2) Haven’t ruled out Woolf. If I chose Woolf, I’d probably work with her essays about the craft of writing. I found some dynamite quotes:
“Every secret of a writer’s soul, every experience of his life, every quality of his mind is written large in his works.”
“Fiction is like a spider’s web, attached ever so slightly perhaps, but still attached to life at all four corners. Often the attachment is scarcely perceptible.”
“If you do not tell the truth about yourself you cannot tell it about other people.”
At least me and V are somewhat on the same page. I’m still deciding between Frey’s A million Little Pieces and Capote’s In Cold Blood as my primary texts. I hope some of you who’ve read either piece can point me in one direction or the other. The other one that I don’t pick will certainly get honorable mention in my piece. Would using both as primary texts be out of the question?

3) Plat of attack: Yikes. I am so unprepared. I need major input. I should have wrote this blog earlier. Melt down. Ummm, I suppose figuring out what the hell I want to talk about would be a good place to start. I think Middleton is going to be scheduling a meeting with me right quick. At least I’m being honest, right? After that, I know the argument I want to make but I don’t know who, if anyone, would support me out there in the literary world.

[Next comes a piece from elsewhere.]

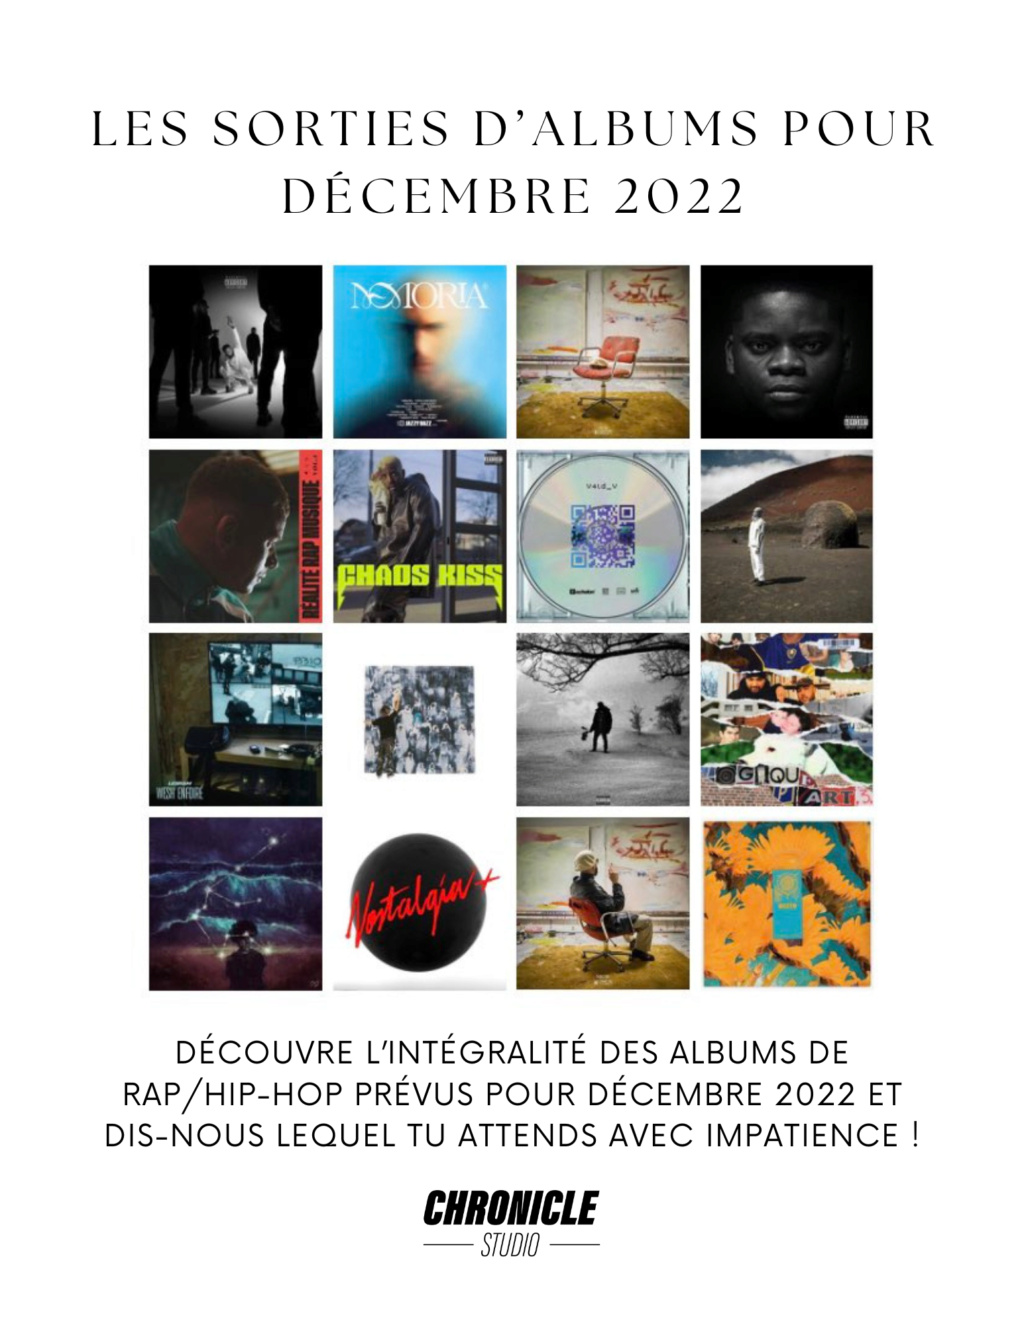 Les sorties d'albums RAP/Hip-Hop pour décembre 2022 182

I want to argue that there is a distinct craving for non-fiction/fact based literature in contemporary America, thus the dawning of creative non-fiction, and I want to talk about how this changes the novel. How does this change the novel? Good question. That’s the next step. I’d say it leaves little room for disconnected, fractional narratives within the 21st century literary construct. What is a fractional narrative? God I’m having a Vaneeta-define-your-terms moment so hard right now. Maybe what I mean is people don’t want to read about people with perfect lives anymore. Perhaps a good starting point would be the stream of consciousness movement since it started to try and imitate the actual thoughts of real people. Yes, that’s what I’m going with for now.